In the fourth embodiment, the soldering portion 21 has a substantially diamond shape, but it may be a teardrop-shaped soldering portion 22 as shown in FIG. 6 (a). Further, the periphery of the component mounting hole 4 as shown in (b) is substantially circular, and the soldering portion 23 having the same width as it is separated from the component mounting hole 4, and the periphery of the component mounting hole 4 as shown in (c) is substantially circular. The soldering portion 24 may be circular and taper as it goes away from the component mounting hole 4 and has a wider width as it goes further away.

[0026]

Since the present invention is configured as described above, it has the following effects.

That is, when the soldering portions are arranged in a zigzag pattern while being displaced in a direction intersecting with the arrangement direction of the component mounting holes, when soldering an integrated circuit component having a small space between the lead terminals. In addition, solder short circuit can be prevented.

[Brief description of drawings]

FIG. 1 is a top view showing a first embodiment of the present invention.

FIG. 2 is a top view showing a second embodiment of the present invention.

3 is a cross-sectional view taken along the line AA of FIG.

FIG. 4 is a top view showing a third embodiment of the present invention.

5 is a cross-sectional view taken along the line AA of FIG.

FIG. 6 is a top view showing a fourth embodiment of the present invention.

FIG. 7 is an explanatory diagram showing a modified example of the fourth embodiment.
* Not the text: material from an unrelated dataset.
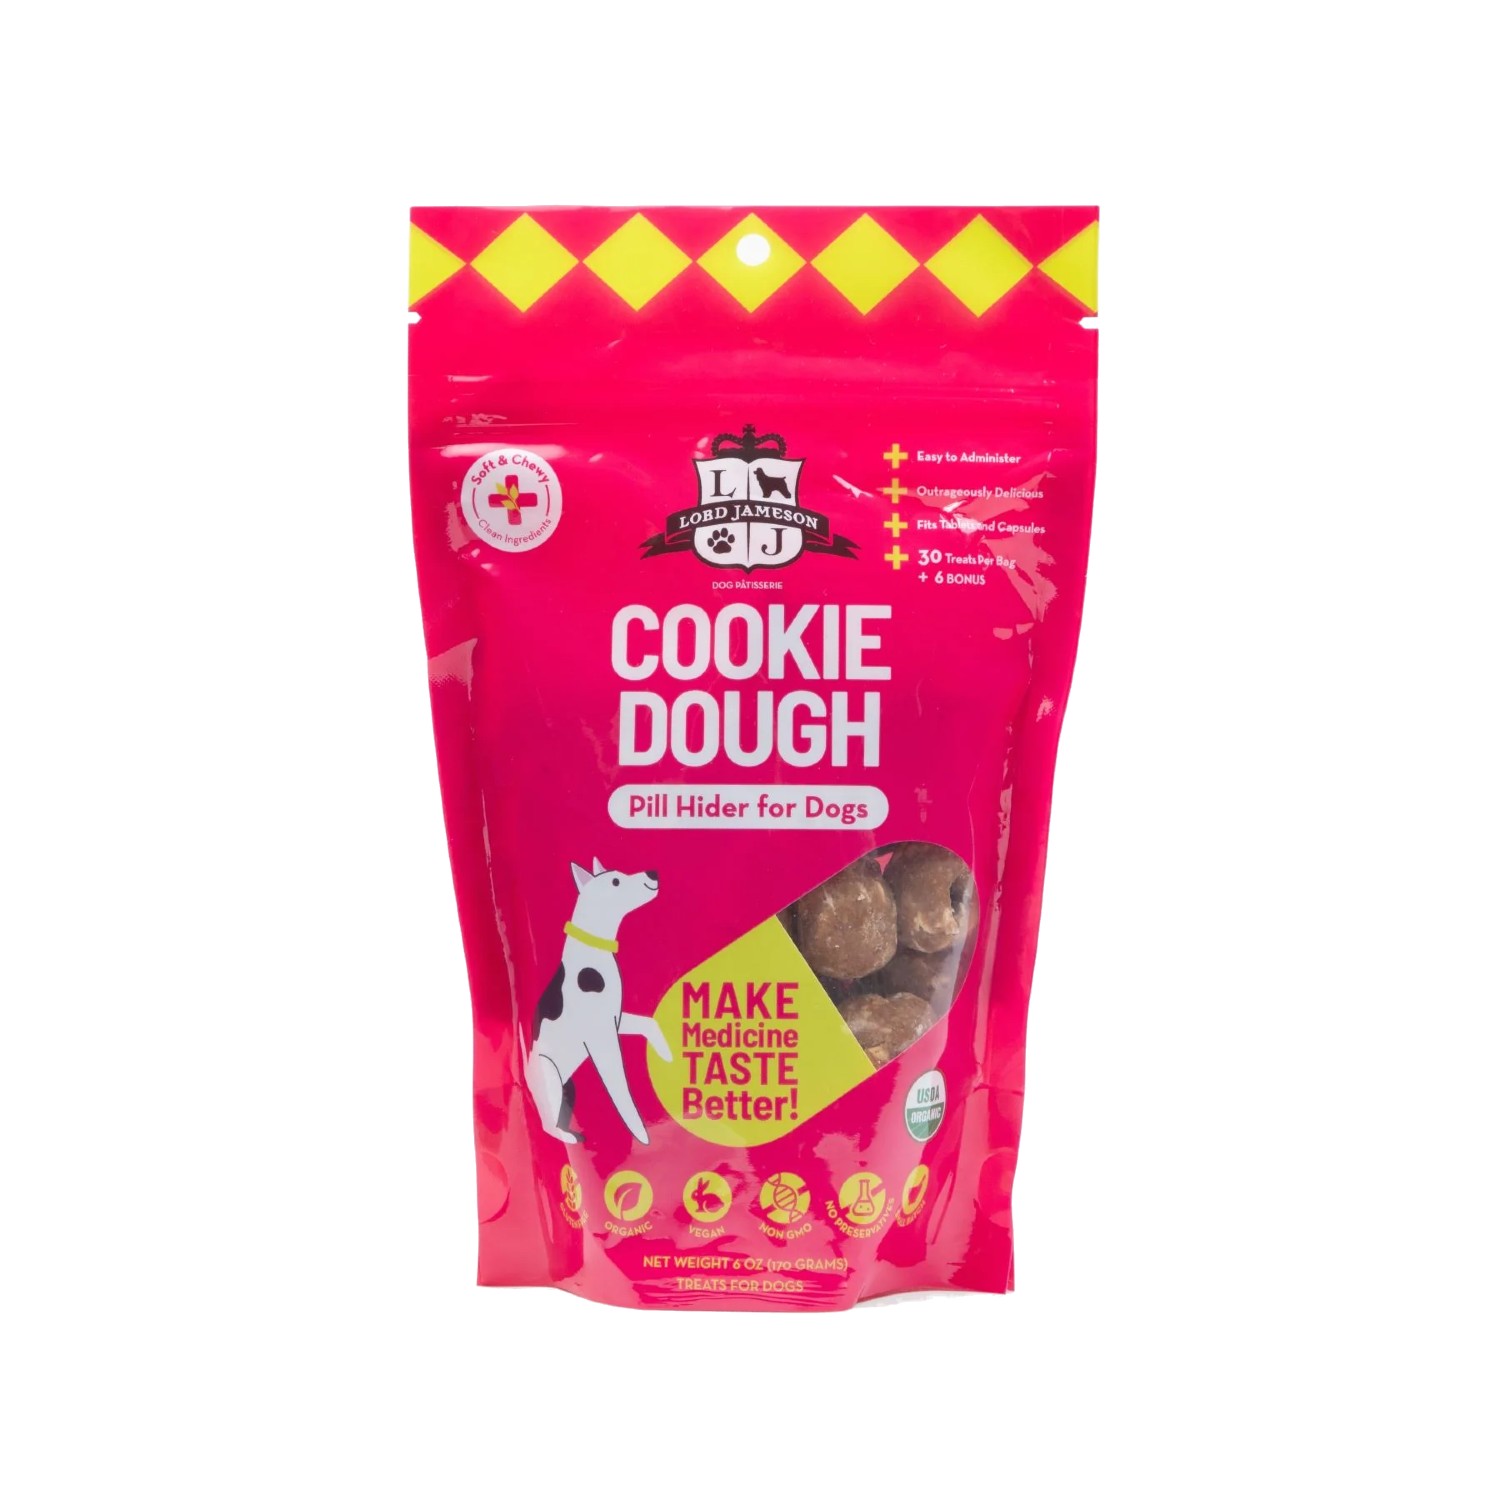 Lord Jameson Organic Pill Holder Dog Treats - Cookie Dough

FIG. 8 is a top view showing a main part of a conventional printed wiring board.

[Explanation of symbols]

 1 Printed wiring board 3 Component mounting land 4 Component mounting hole 5 Soldering part

Claims (6)

[Claims] 1. A printed wiring board having a soldering portion formed by exposing a periphery of a component mounting hole of a component mounting land adjacent to each other to form a soldering portion, and the soldering portion is arranged in the arrangement of the component mounting holes. A printed wiring board, which is arranged in a zigzag pattern by shifting in a direction intersecting the direction. 2. The printed wiring board according to claim 1, wherein silk ink is applied between the component mounting lands. 3. A printed wiring board in which the soldering portions are formed by exposing the periphery of the component mounting holes of the component mounting lands that are adjacent to each other and applying a resist, wherein the soldering portions are arranged in the arrangement direction of the component mounting holes. Be staggered in a direction intersecting with each other, apply only silk ink to the area including the component mounting land and around the soldering area, and apply the resist outside this area. A printed wiring board characterized by. 4. The soldering part has a substantially elliptical shape having a major axis in the intersecting direction, or claim 3.
Printed wiring board described. 5. The printed wiring board according to claim 1, wherein the soldering portion is tapered in the intersecting direction. 6. The printed wiring board according to claim 5, wherein the soldering portion has a substantially diamond shape having a long diagonal line in the intersecting direction.